#### [AIM OF THE TASK]
In the listing below, locate the line that contains "Fiji Islands, LaLa" and the line that contains "Vero Moda VMMIA". Restate word for word those two lines and every line between them, and nothing else.

#### [THE DATA]
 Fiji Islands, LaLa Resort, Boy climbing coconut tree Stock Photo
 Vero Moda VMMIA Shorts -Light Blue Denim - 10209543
...
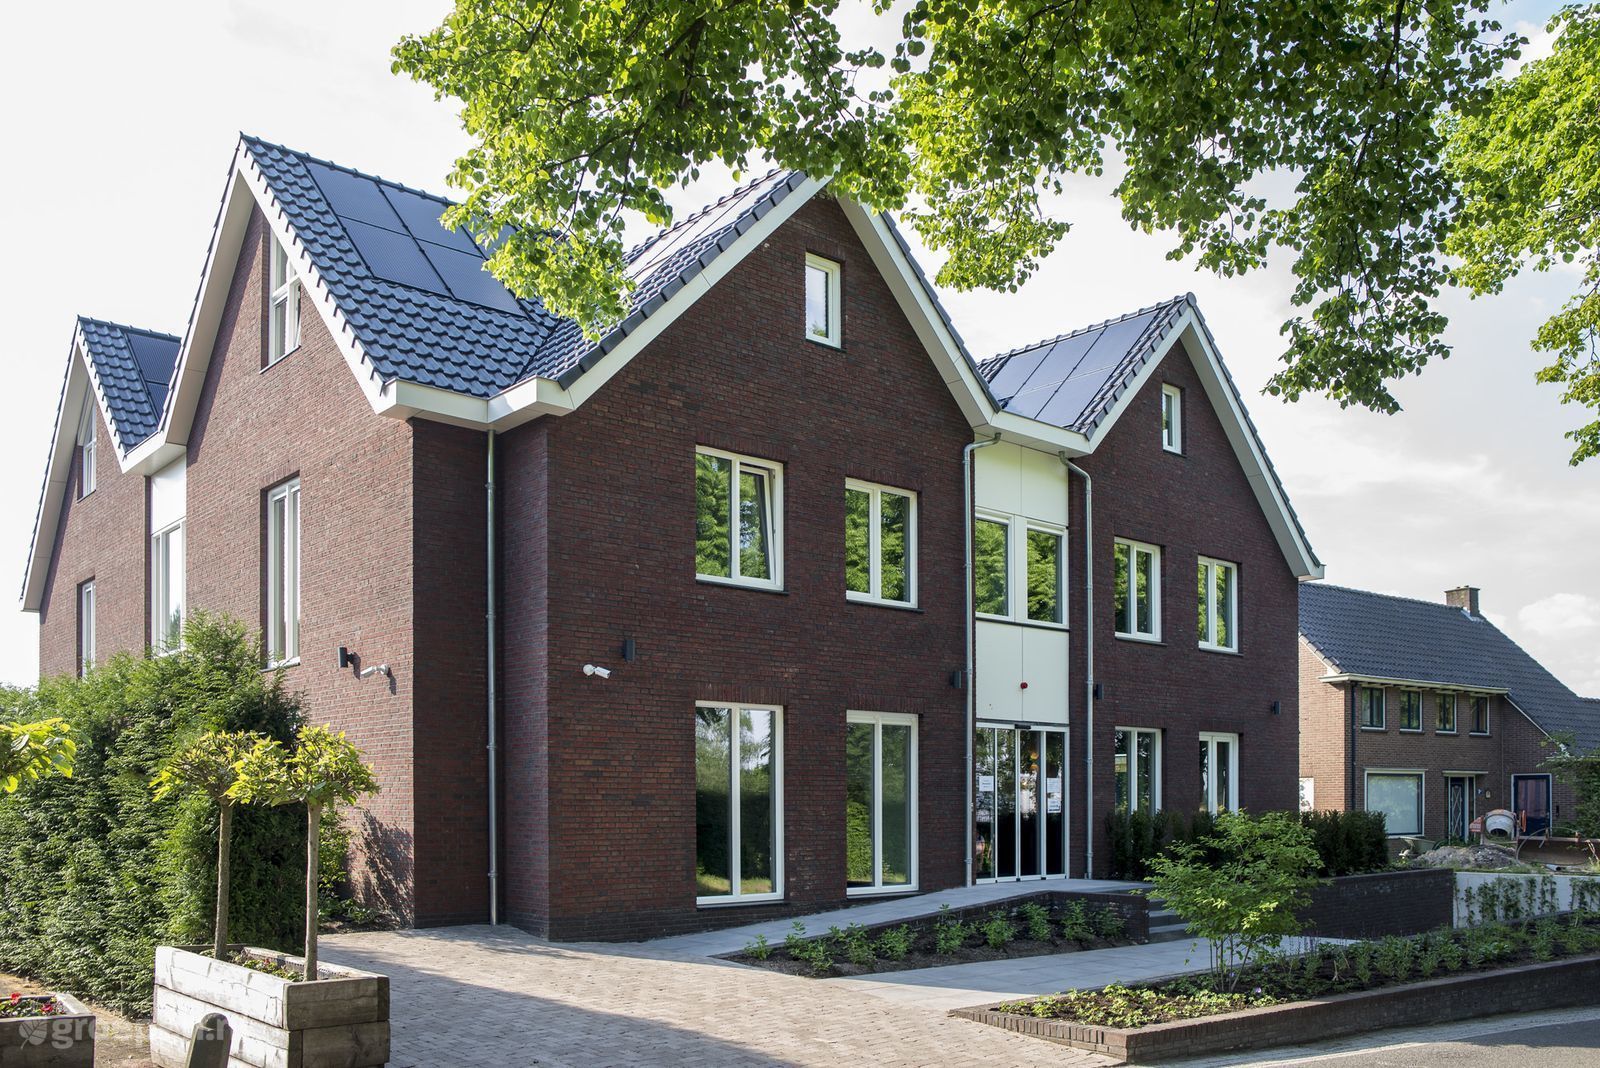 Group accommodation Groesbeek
---
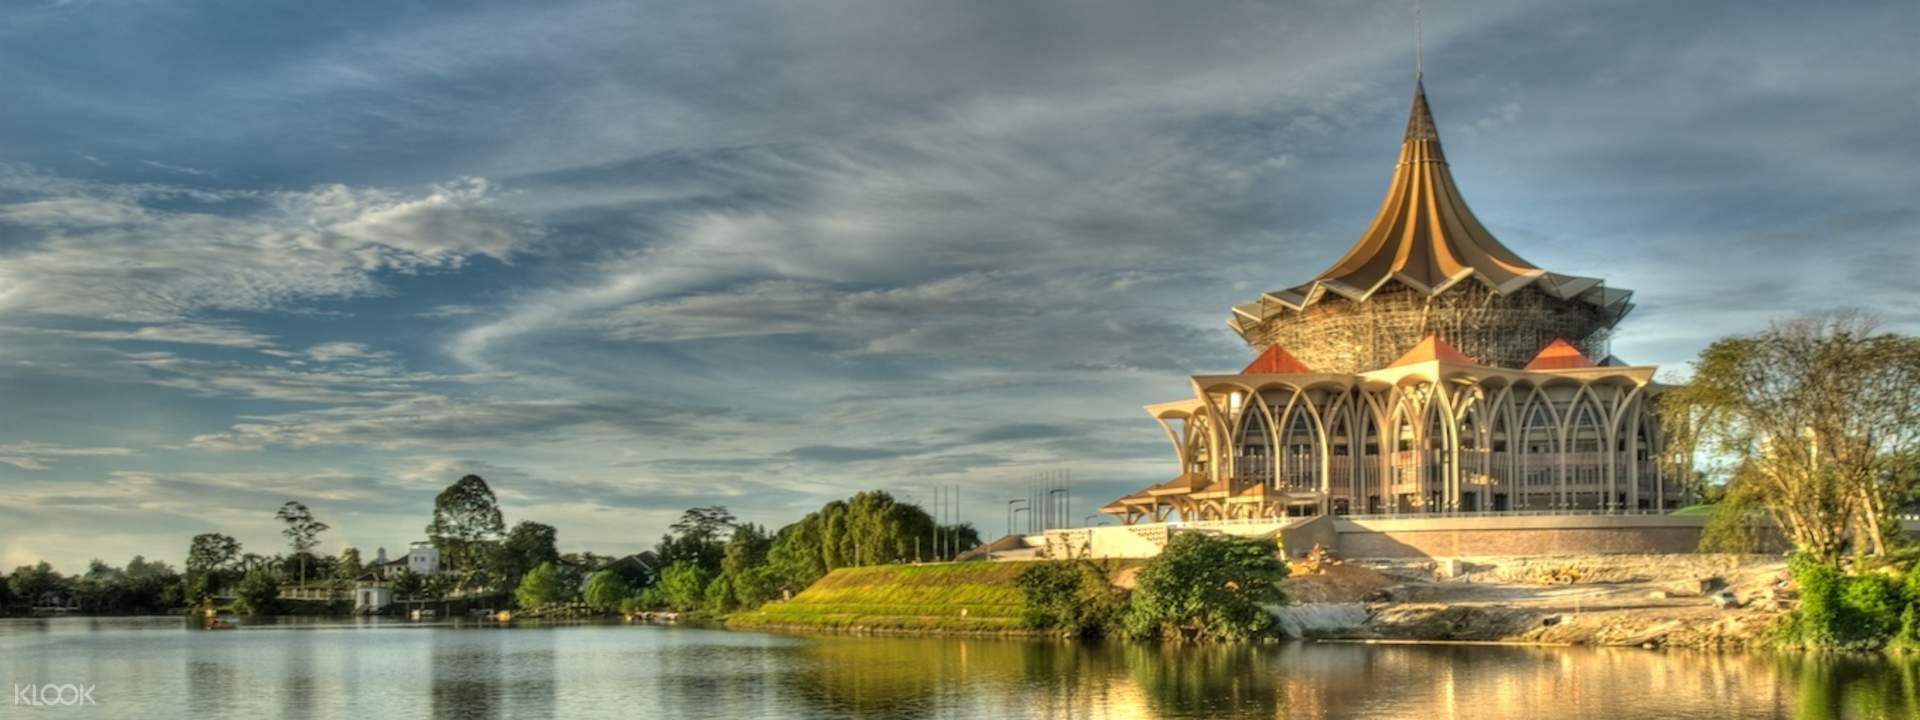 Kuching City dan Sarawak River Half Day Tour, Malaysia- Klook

#### [ANSWER TO THIS TASK]
 Fiji Islands, LaLa Resort, Boy climbing coconut tree Stock Photo
 Vero Moda VMMIA Shorts -Light Blue Denim - 10209543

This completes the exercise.